RECURSO ESPECIAL Nº 1.279.525 - PA (2011/0153398-5)
RELATOR : MINISTRO RICARDO VILLAS BÔAS CUEVA
RECORRENTE : HSBC BANK BRASIL S/A BANCO MÚLTIPLO
ADVOGADO : HERMENEGILDO ANTÔNIO CRISPINO E OUTRO (S)
RECORRIDO : SIDERÚRGICA IBÉRICA S/A
ADVOGADO : THALES EDUARDO RODRIGUES PEREIRA E OUTRO (S)
VOTO-VISTA (CONCORDANTE COM O RELATOR)
O EXMO. SR. MINISTRO SIDNEI BENETI:

1.- Indo diretamente ao assunto central, trata-se de saber se os créditos de Adiantamento de Contratos de Câmbio ACCs se sujeitam à Recuperação Judicial. O Acórdão do Tribunal de Justiça do Estado do Pará julgou que se sujeitam e o recorrente sustenta que esse julgado violou o disposto no art. 49, 4º, da Lei de Recuperações Judiciais e Falências (Lei nº 11.101/05).

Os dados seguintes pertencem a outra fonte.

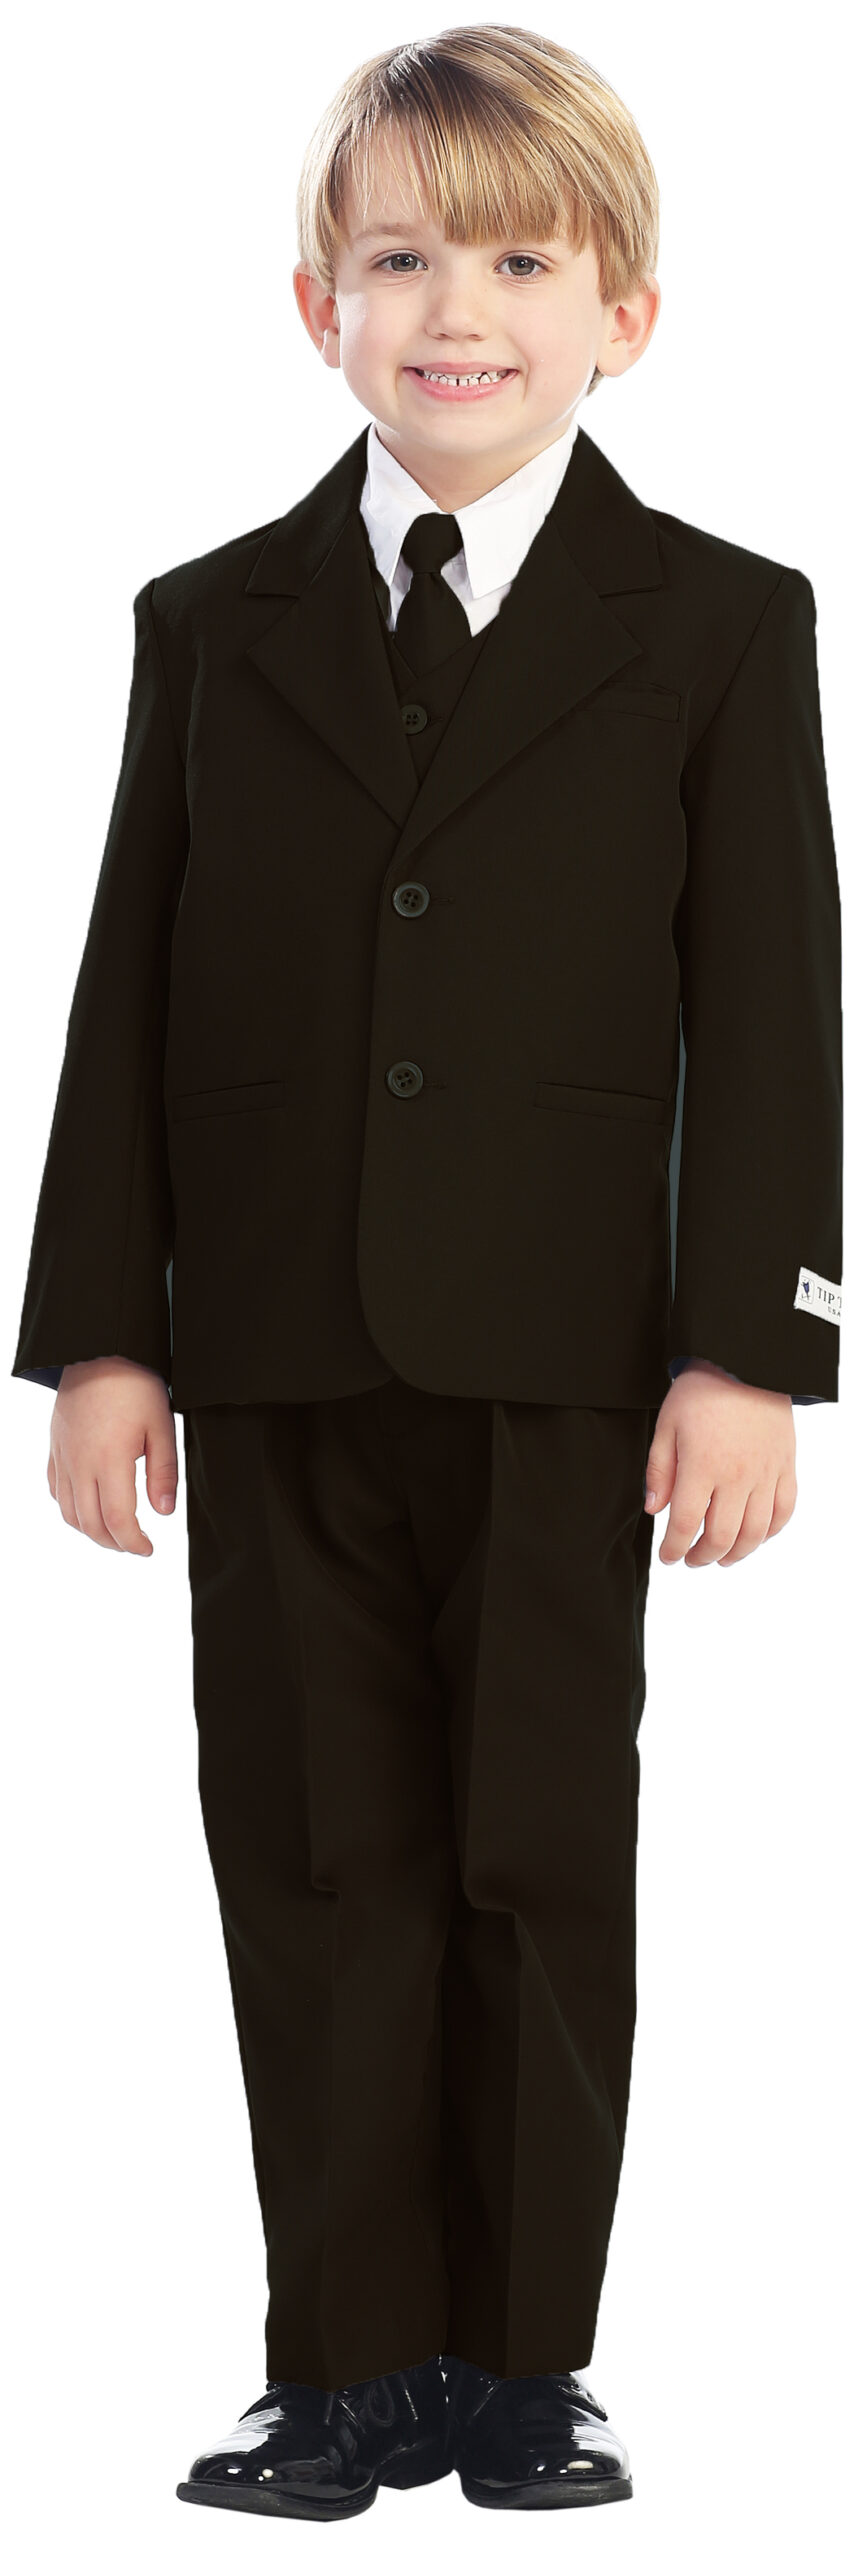 Avery Hill 5-Piece Boy's 2-Button Dress Suit Full-Back Vest - Brown Size 7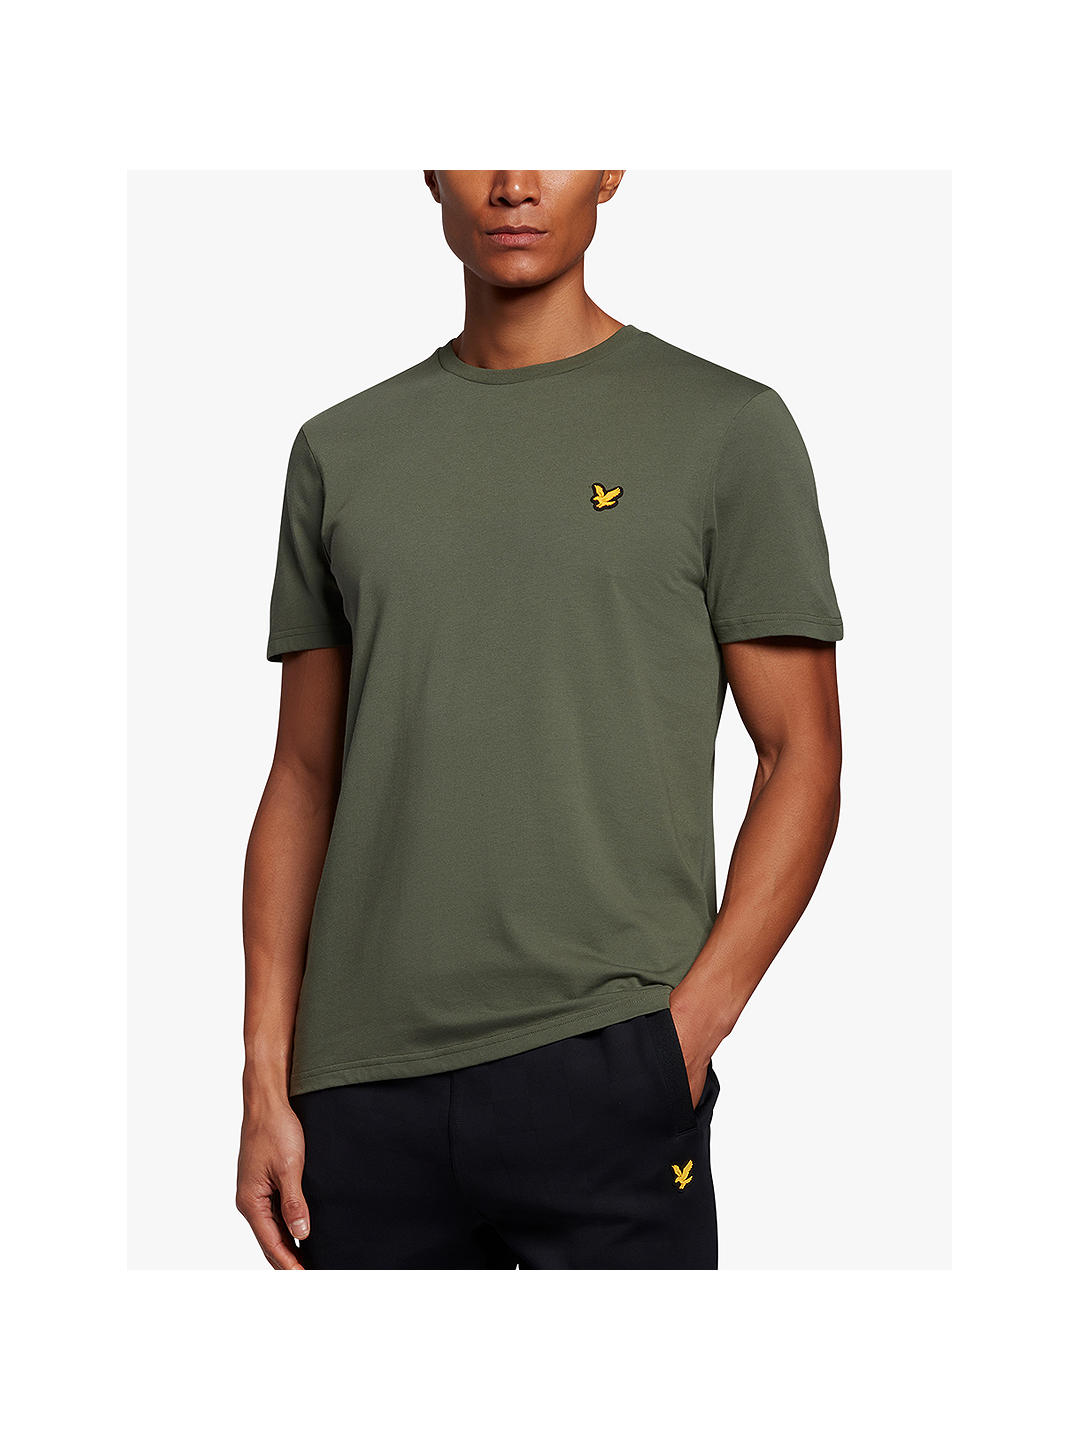 Lyle & Scott Martin T-Shirt, Cactus Green

O Acórdão trilha senda diversa da torrencial orientação dos Tribunais nacionais, que vêm, ao contrário do julgado, afastando a sujeição das ACCs à Recuperação Judicial, de modo que, a prevalecer o entendimento do Acórdão ora recorrido, haveria verdadeira revolução multitudinária nos casos em andamento nos diversos Juízos e Tribunais nacionais, em que, como se verá, está-se atentando exatamente aos termos em que lavrada a Lei de Recuperações Judiciais e Falências.

2.- Poucos assuntos foram tão debatidos durante a longa meticulosa elaboração legislativa da Lei de Recuperações Judiciais e Falências como o da sujeição ou não de empréstimos bancários com garantia como é o caso das ACCs ao processo de Recuperação da Empresa.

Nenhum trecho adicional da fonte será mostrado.